Quando si parla di Maurizio Landini, il sindacalista che più sembra un personaggio uscito da una commedia dell’assurdo, è difficile non lasciarsi prendere dalla tentazione di indagare sul suo linguaggio colorito.

La recente polemica sull’uso della parola “cortigiana” per definire la Presidente del Consiglio ha sollevato un vespaio di critiche e interpretazioni.

Landini, il cui lessico pare spesso rimanere intrappolato nel XIX secolo, ha tentato di giustificare la sua scelta lessicale affermando che “cortigiana” non era un insulto sessista, ma piuttosto una semplice referenza a chi fa parte della corte.

Certo, l’illuminante argomento potrebbe soddisfare solo chi è abituato a discorsi da salotto, ma al resto di noi sembrerebbe una manovra alquanto disperata, una di quelle acrobazie dialettiche che ricordano più il circo che il dibattito politico.

A voler essere onesti, i casi sono due.

O Landini ha voluto offendere in modo premeditato, ben conscio del fatto che nel gergo comune “cortigiana” è sinonimo di meretrice, o in effetti è semplicemente un ignorante che ignora le sfumature della lingua italiana.

Perché fatte le debite considerazioni, definirlo un genio della comunicazione sarebbe come dare il Nobel per la letteratura a un bambino che sciracchia le parole su un foglio.

E tutto ciò mentre gli operai della CGIL si grattano la testa cercando di capire come possano essere rappresentati da un leader che, evidentemente, non ha chiaro cosa possa significare il termine “responsabilità”.

Ma andiamo con ordine.

Se Landini avesse voluto davvero comunicare un messaggio di disprezzo, avrebbe potuto scegliere tra una miriade di opzioni linguistiche più chiare e meno ambigue.

Magari un “serva di Trump” o un “pappagallo del potere” avrebbero trasmesso il suo pensiero senza troppi giri di parole.
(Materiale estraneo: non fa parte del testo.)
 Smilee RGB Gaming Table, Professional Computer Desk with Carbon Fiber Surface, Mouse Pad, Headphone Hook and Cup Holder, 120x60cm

Invece, con la scelta di “cortigiana”, sembra quasi che abbia voluto esprimere il suo disprezzo mentre si nascondeva dietro un dito, un po’ come chi insulta qualcuno sussurrando, sperando che nessuno lo senta.

Tuttavia, purtroppo per lui, quella strategia non funziona.
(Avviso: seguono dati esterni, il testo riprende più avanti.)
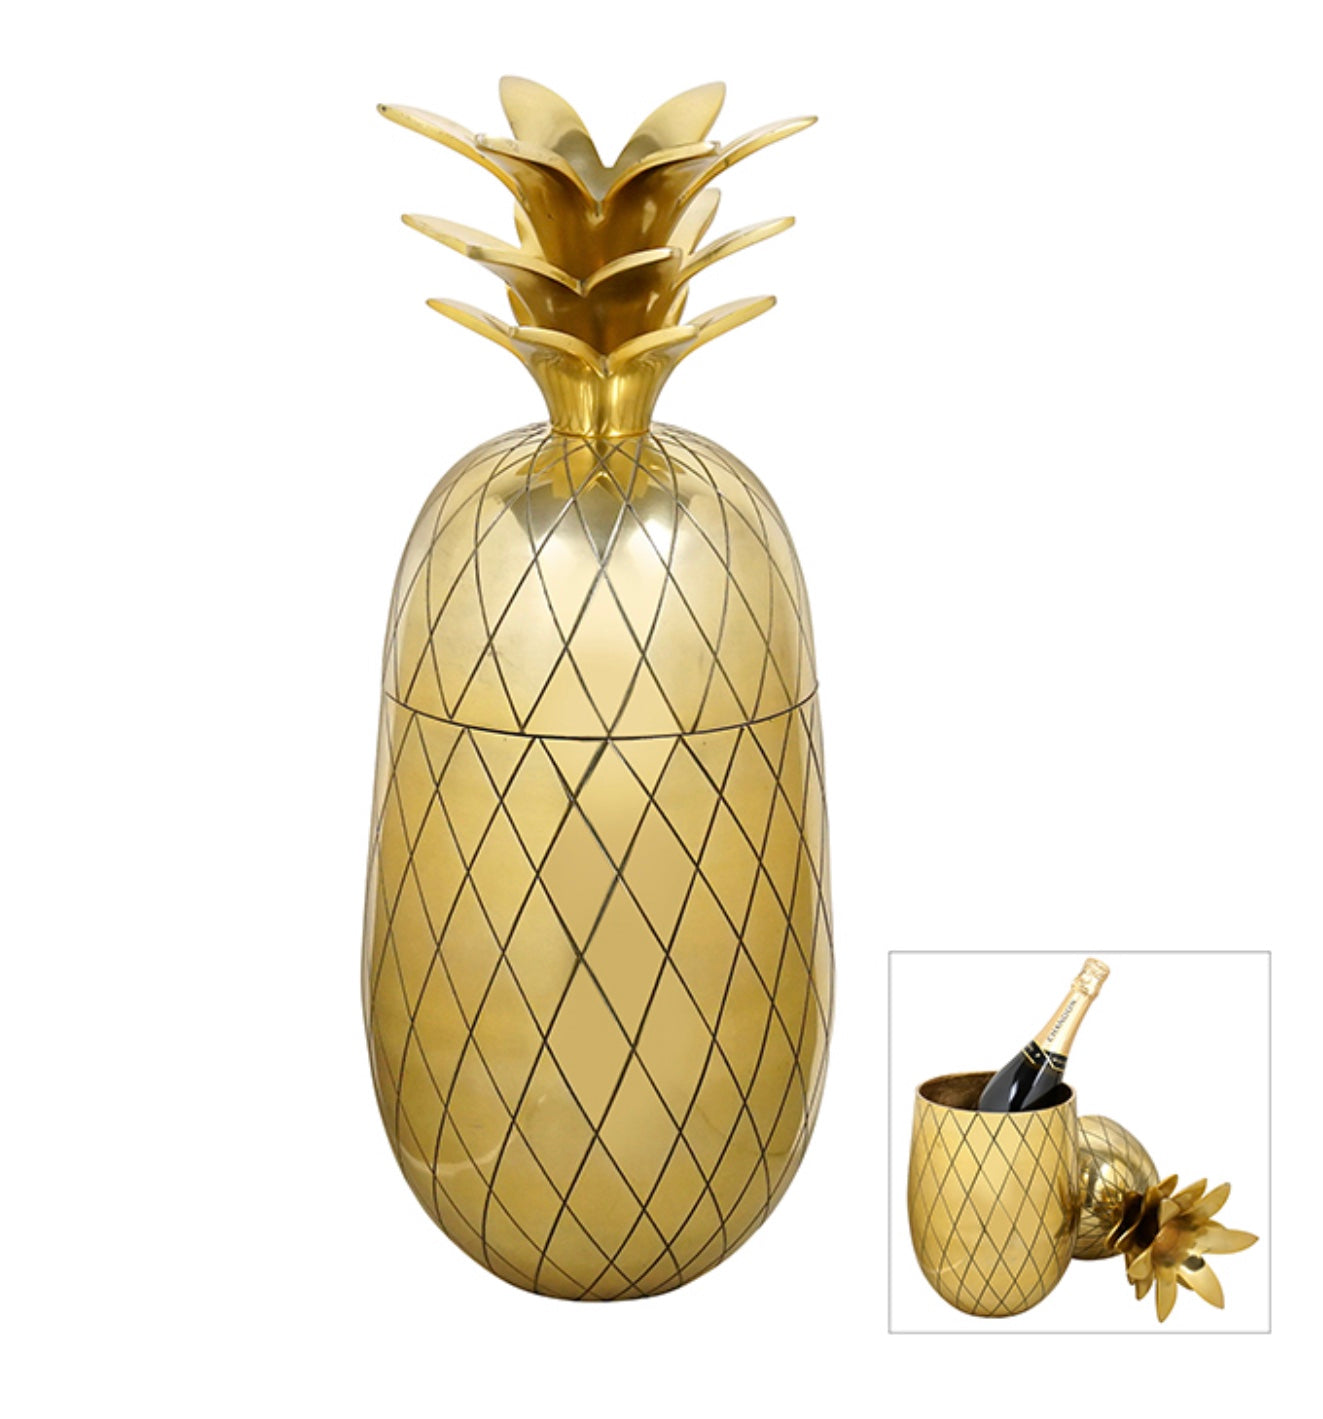 GOLD PINEAPPLE CHAMPAGNE BUCKET

I social media sono lì per documentare le sue uscite, e gli italiani, si sa, sono sempre pronti a farsi una risata sulla cattiva gestione della verità.

E che dire del suo arroccarsi nell’idea di aver usato quel termine in senso figurato?

Qui si aprono le porte dell’ironia pura.

Nella nostra lingua, come nel miglior gioco di prestigio, le parole hanno un peso e una valenza.

La Treccani non lascia spazio a fraintendimenti: cortigiana, meretrice e prostituta sono tutte seduzioni verbali perfettamente riconducibili a un’unica, imbarazzante verità.

Eppure, Landini continua a difendersi come un leone in gabbia, pronto a ripetere la sua definizione alla prima occasione utile – perché, in fondo, perché scusarsi quando si può arrampicarsi sugli specchi?

Potremmo quindi concludere che la questione non si limiti a una mera offensiva linguistica, ma riveli anche un atteggiamento.

Un atteggiamento riflessivo di chi, in fondo, non si preoccupa troppo delle conseguenze delle proprie parole.

Qui entra in scena un secondo interrogativo: ma come fanno i lavoratori della CGIL a sopportarlo?

È evidente che il sindacalista è molto più interessato a questioni internazionali come Gaza, piuttosto che focalizzarsi sui contratti collettivi di lavoro.

I lavoratori, in questo caso, trascorrono le loro giornate a domandarsi se il loro leader sta correndo il rischio di trasformarsi nel classico “pittore di m……..”: affascinante per alcuni, incomprensibile per altri, mentre i muri vengono dipinti senza alcuna coerenza.

In definitiva, mai come oggi possiamo affermare che il dibattito su Landini trascenda la semplice questione linguistica.

Ci stiamo domandando se sia un diffamatore o un ignorante?

In entrambi i casi, ci troviamo di fronte a una figura che rappresenta qualcosa di più profondo nella cultura politica italiana.

Un’ossessione per il politically correct mescolata con un’enorme dose di arroganza, il tutto condito da frasi ad effetto che suonano a metà strada tra un comico di seconda categoria e un politico in cerca di consensi.

L’ironia che aleggia attorno alla figura di Landini ci invita a riflettere sulle vere priorità di un sindacato moderno.

I lavoratori meritano un leader che parli il loro linguaggio, e non quello di una corte medievale.

Ma in un’Italia dove i confini tra serio e faceto si confondono ogni giorno di più, chissà che Landini non si riveli il nostro eroe tragico, capace di unire in un’unica battaglia l’assurdo e il sublime… almeno fino al prossimo insulti.